Deep learning models that make population predictions from satellite imagery tend to overestimate the size of rural populations and underestimate the size of urban populations, likely due to an inability to recognize the height of buildings, according to a 2021 analysis by researchers from MIT, the University of Minnesota, and the University of Arkansas.

The issue of building detection is being tackled by a number of other companies and organizations. Radiant Earth Foundation works with geospatial and machine learning practitioners on sustainable development goals like the eradication of hunger and extreme poverty by 2030. The group is also developing building detection with machine learning in Dakar, Senegal. Hamed Alemohammad, chief data scientist at the foundation, explains that his company’s building detection models can sometimes mistake three different buildings for one home. “Those models have uncertainties and errors, nothing is perfect,” he says. “If I'm making a building detection model for every region in Nigeria, I need training data from that region because the model learns the features of that region. We lack geographic diversity these days,” he says. To supply benchmark data representative of different communities, the nonprofit recently launched the Radiant ML Hub.

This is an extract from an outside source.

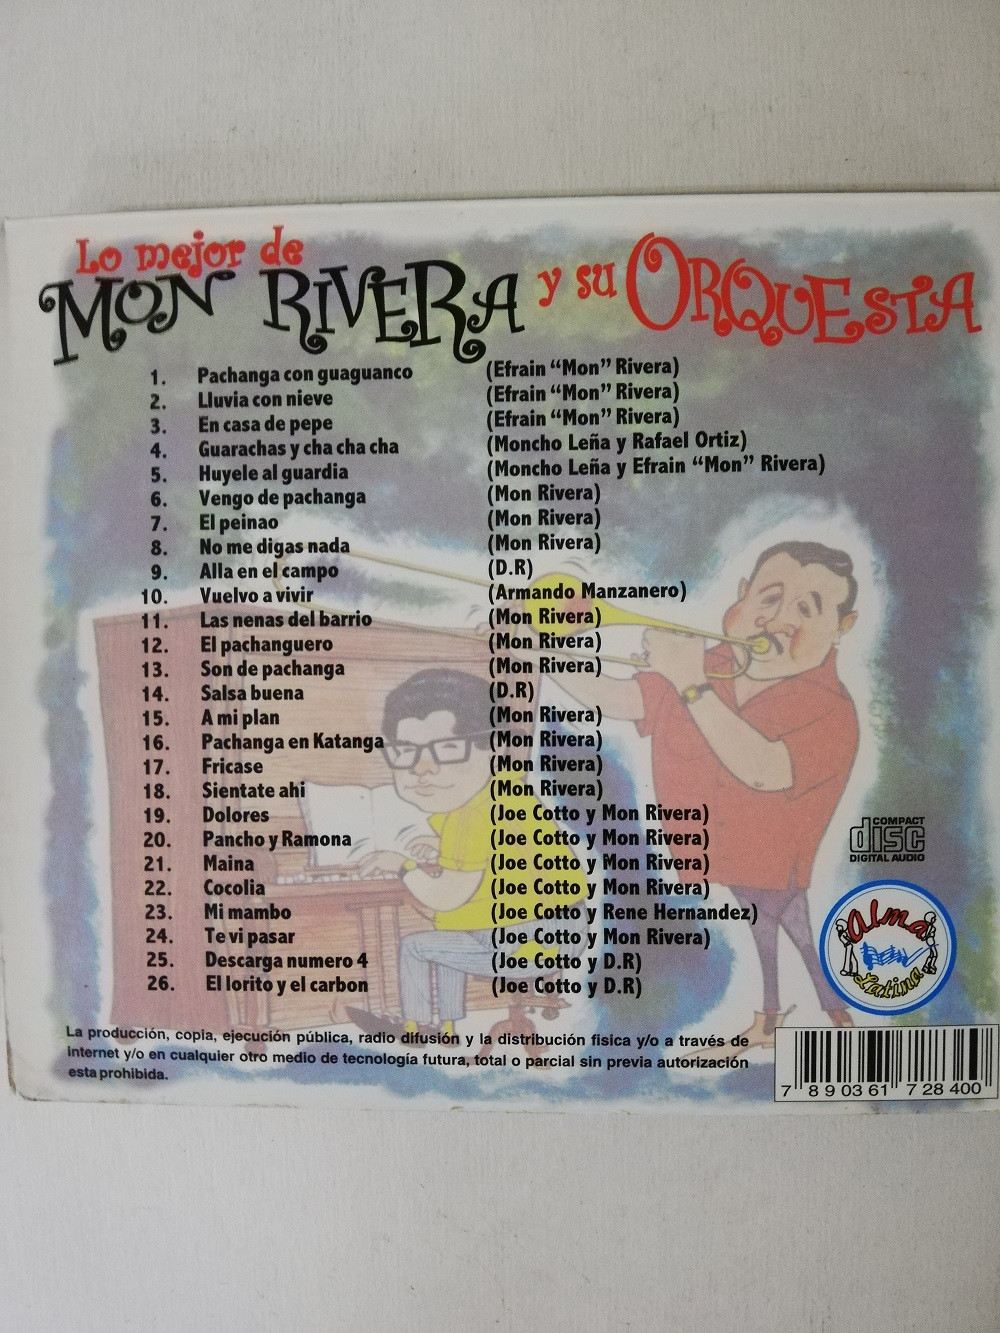 Imagen CD MON RIVERA Y SU ORQUESTA - LO MEJOR DE MON RIVERA Y SU ORQUESTA 2

While some initiatives aim to improve population counts, others are developing AI to generate the kind of data typically collected in door-to-door community surveys. A University of California, Berkeley project now underway is developing a generalizable AI capable of solving a diverse range of tasks, from identifying forest cover or the length of roads to predicting elevation or home prices.

To test the limits of that model, last summer researchers tried to recreate parts of the American Community Survey, which the US Census Bureau conducts every year. The model predicted population density and household income with an accuracy above 50 percent. That might not sound impressive, but the results took a single graduate student one week to produce, while the last US census cost $14 billion dollars and required the labor of hundreds of thousands of people. The researchers found some other limitations—the experiment couldn't, for example, predict the percentage of household income dedicated to rent. Census data can also be influenced by factors you can’t see from space, like local tax law or the quality of local schools, says UC Berkeley Global Policy Lab director Solomon Hsiang.

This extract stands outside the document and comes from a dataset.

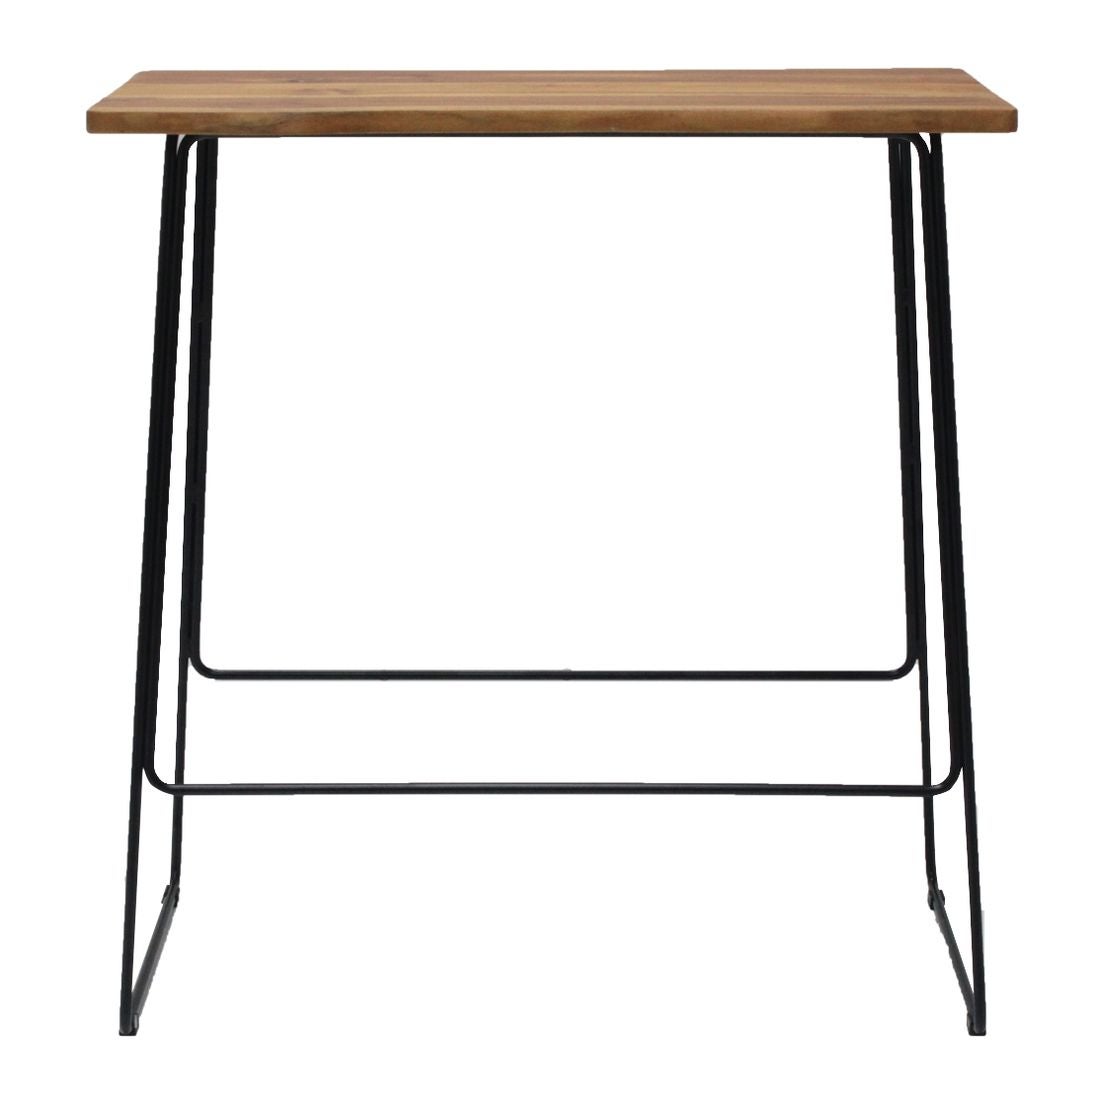 โต๊ะทานอาหาร โต๊ะอาหารขาเหล็กท๊อปไม้ รุ่น Fatin สีสีลายไม้ธรรมชาติ-SB Design Square

But the lofty dream of the generalizable model, Hsiang says, is to make it possible to address any environmental and socioeconomic problem on a global scale and empower any policymaker with a computer to use satellite imagery and machine learning to make informed decisions. “Ours is not as good, the quality is a lot lower,” he says of the AI model he worked on. “Can you ever get it to a point where you're really saving hundreds of millions of dollars by doing things a totally different way? The question is how far can you push it?”